In order for your Windows service to take advantage of the full 4GB of process space your expecting you will need to:
mark your process as LARGE_ADDRESS_AWARE. Believe this can be done using editbin.exe, but I've never done it! It also might open up a new can of worms... :) I'll see if I can't validate.
add /3GB in boot.ini
reboot server
Also consider the memory allocation profile of your application. If you are allocating objects greater than 85K in size, then these objects will be allocated in the large object heap. The large object heap is swept, but not compacted like other heaps, meaning that you could be experiencing fragmentation which will eventually keep the .net memory manager from allocating a continuous block of memory to satisfy the request.
You likely want to take snaps of the process and review what objects are in what heaps to get a better idea of whats going on within your process memory space.
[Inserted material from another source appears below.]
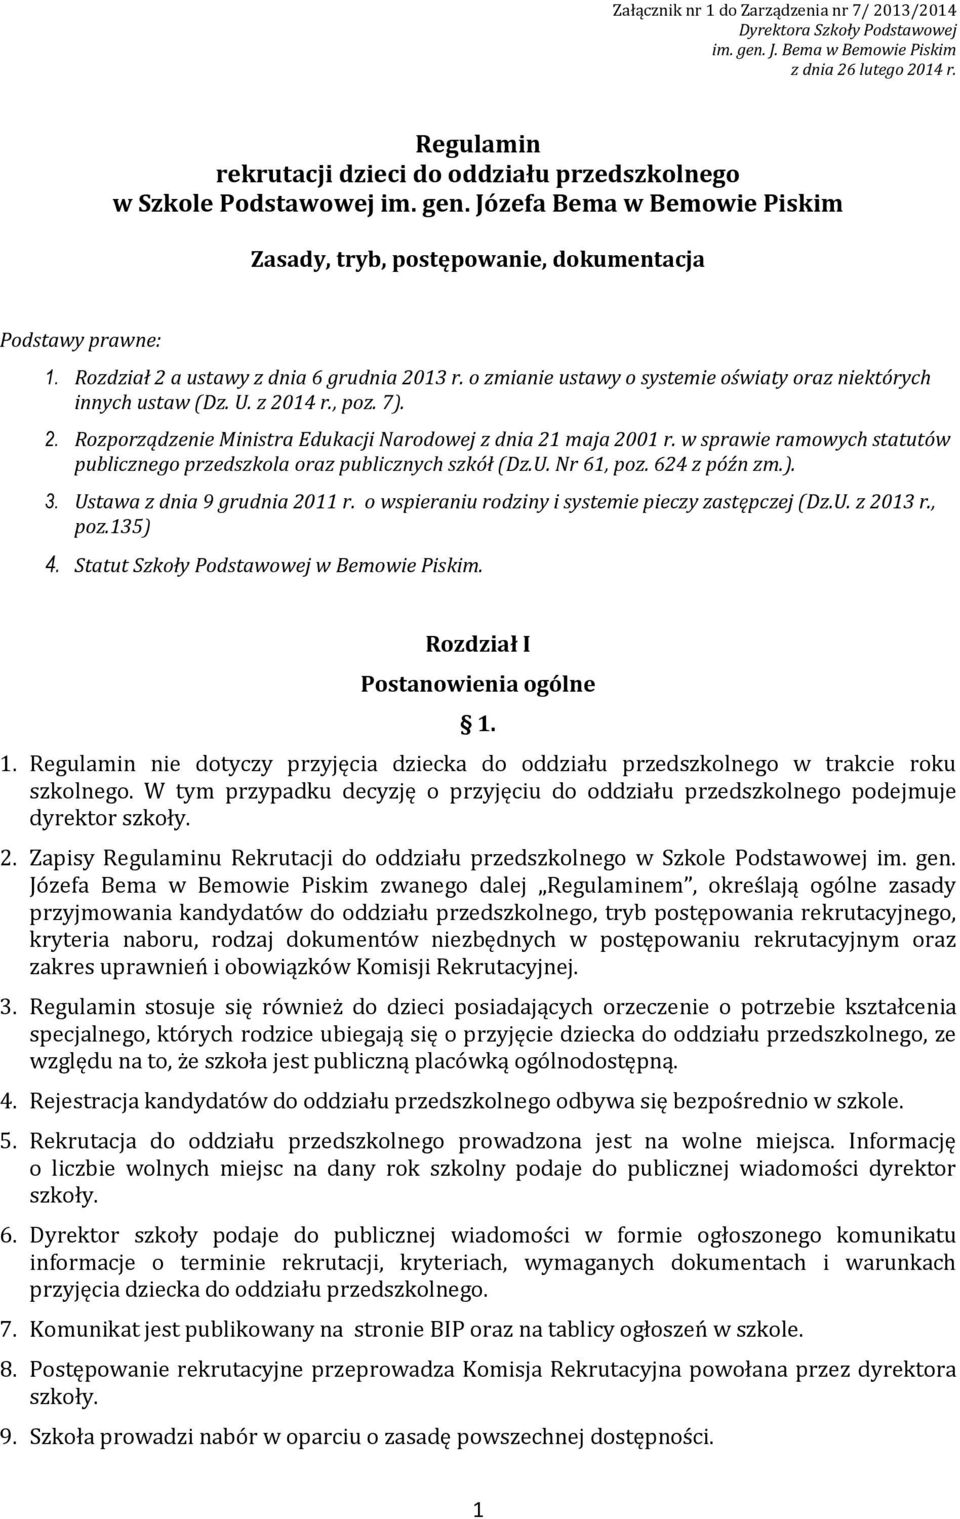 Rozdział 2 a ustawy z dnia 6 grudnia 2013 r. o zmianie ustawy o systemie oświaty oraz niektórych innych ustaw (Dz. U. z 2014 r., poz. 7). 2. Rozporządzenie Ministra Edukacji Narodowej z dnia 21 maja 2001 r.

Also, check the size of the page file on the server. An inadequately sized page file can also cause problems considering its shared across all processes, though that tends to error with system exceptions with some verbiage around 'virtual memory'.
Good luck!
Z
References:
Memory Limits for Windows Releases
Tess Ferrandez, .NET Debugging: Memory
The ProcessModel key is only used for ASP.NET, and even then, on Windows Server 2003 it's pretty much useless because you have the Application Pool configuration.
The /3GB switch does not apply to 64-bit Windows.
As I understand it, you CAN get OutOfMemoryExceptions if you have objects pinned in memory preventing the GC from effectively defragmenting the memory stack when a collection occurs.
You should strongly consider moving your service to a 64-bit application if you know you are jamming gigabytes of data into it. IMO you're playing with fire if you are coming this close to the limit.